具體而言,我們專注於研究高層次的房間佈局、中層次的平面結構和低層次的像素層級深度估計,這些重建結果在各種後續應用中廣受需求(例如,房地產展示的房間佈局、機器人避障導航的三維平面、以及用於一般場景理解的深度估計)。
從僅有彩色感知進行幾何重建是具有挑戰性且本質上是一個不適定性的問題。
幸運的是,人造結構在重力方向上展現出強烈的規律性。
此外,通過從全方位視野進行消失點分析,我們可以輕鬆將等距全景圖像的Y軸與重力方向對齊。
我們的方法主要受到重力對齊先驗的啟發。
為了重建房間佈局 (room layout),我們觀察到由於重力對齊的特性,牆與牆的邊界在圖像中呈垂直,而牆壁與天花板/地板之間的邊界,在圖像的每一列 (column) 只出現一次。
基於這一觀察,我們重新定義問題為圖片每列的回歸任務,而不是傳統的平面熱點圖預測任務。
為了偵測平面 (planes),我們提倡使用水平和垂直平面,因為它們簡單且仍能夠捕捉室內場景的要點。
在這方面,我們建立了一個大規模的 360 水平和垂直平面偵測資料集,並提出了一種新的分而治之的策略,以利於偵測全景圖像中的細結構。
為了估計像素深度 (depth),我們重新設計了模型架構,將模型特徵沿重力方向(圖片 y 軸)進行聚合,從而得到了緊湊的水平特徵編碼。
受惠於重力對齊的特性,我們提出的高效深度神經網絡相比於傳統使用平面特徵編碼方法,能夠在測資上達到更佳的結果。
總結來說,我們開發了三種方法有效利用 360 全景圖的重力對齊先驗,對室內佈局、平面和像素進行重建。
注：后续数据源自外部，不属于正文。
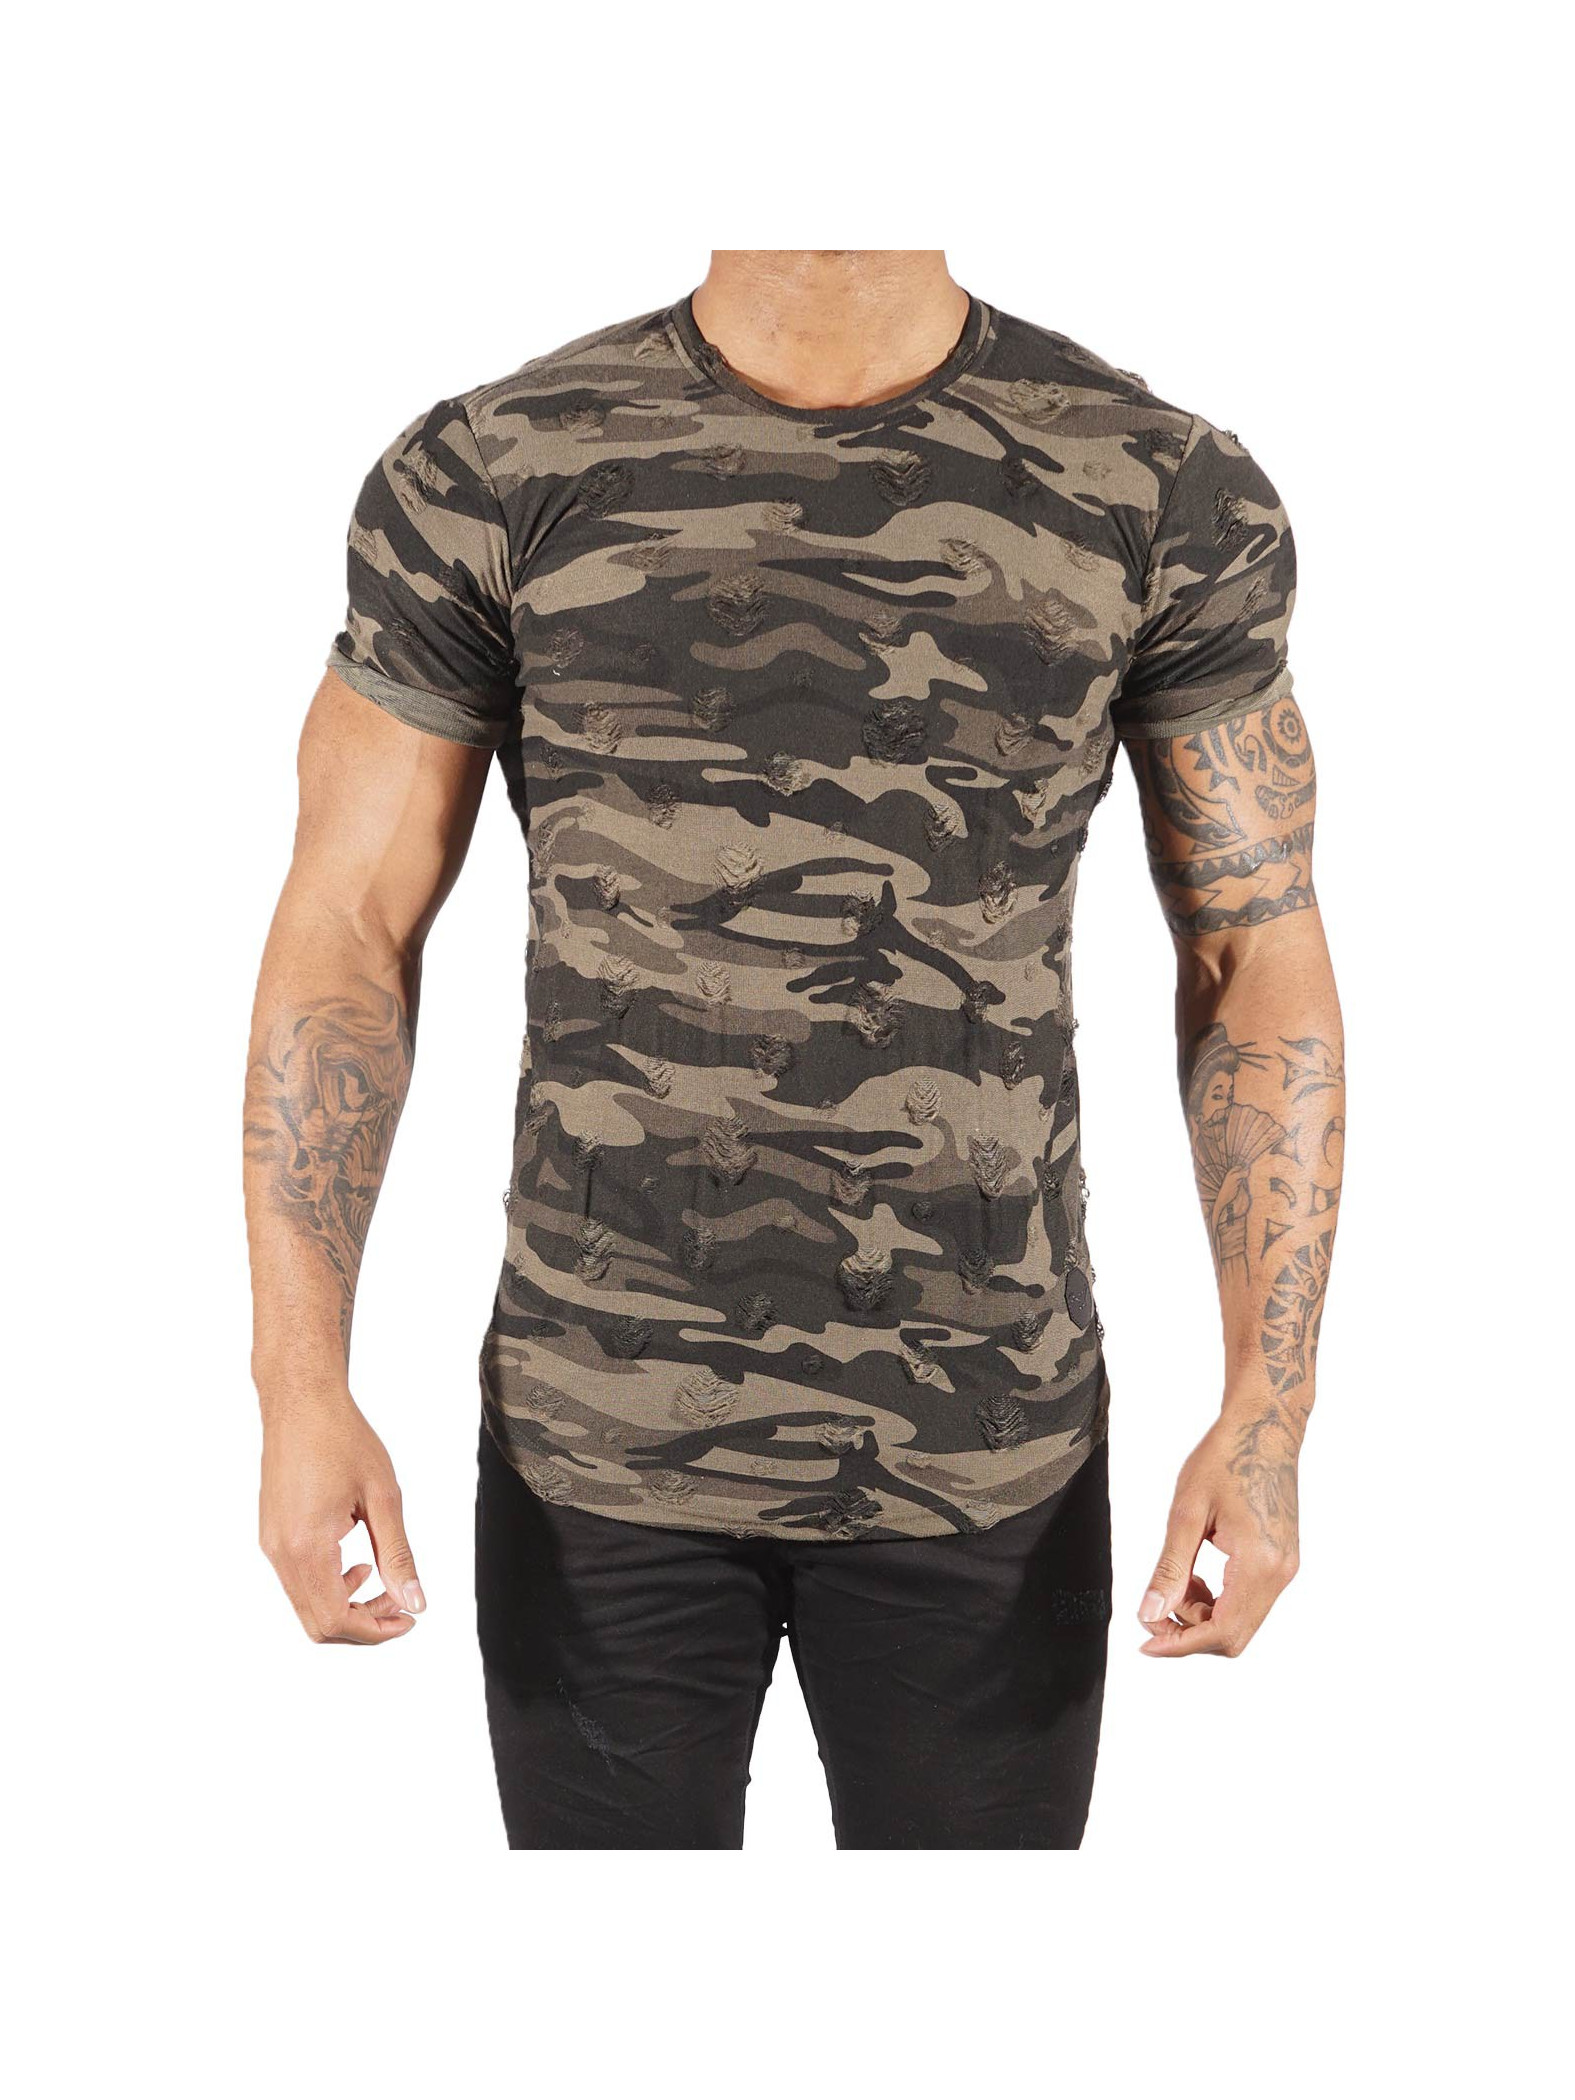 Men's Camouflage T-Shirt Project X Paris

這些方法在發表時都達到了最先進的成果。
本研究中開發的所有程式都可以公開獲得,以供重現和未來擴展使用。
- 360 室內格局: https://github.com/sunset1995/HorizonNet
- 360 平面偵測: https://github.com/sunset1995/PanoPlane360
- 360 深度預測: https://github.com/sunset1995/HoHoNet
This research aims to reconstruct different levels of geometry from a single panorama image captured in indoor scenes.
Specifically, we focus on studying the high-level room layout, middle-level planes, and low-level per-pixel depth estimation, which are in demand by various downstream applications (e.g., planes for robot affordance and avoidance, room layout for real estate showcase, depth for general scene understanding).
Reconstructing geometry from color-only perception is challenging and intrinsically an ill-posed problem.
Fortunately, human-made structures exhibit strong regularity aligned with the gravity direction.
In addition, by employing vanishing points analysis from the omnidirectional field-of-view, we can easily align the y-axis of the equirectangular panorama images with gravity direction.
Our methods are motivated by the gravity aligned prior.
To reconstruct room layout, we observe that wall-wall boundaries appear vertical in the images, and wall-ceiling/floor boundaries appear only once within an image column due to gravity alignment.
With this observation, we reformulate the problem as a horizontal 1D (per-column) regression task instead of the conventional 2D heatmaps prediction task.
To segment plane instances, we propose focusing on horizontal and vertical planes due to their simplicity and ability to capture the gist of indoor scenes.
In this respect, we construct a large-scale 360 horizontal and vertical plane instances dataset and present a new divide-and-conquer strategy to detect thin planes in panorama images.
To estimate dense depth, we have redesigned the model architecture to aggregate deep features along the gravity direction (y-axis), resulting in a compact 1D horizontal feature encoding.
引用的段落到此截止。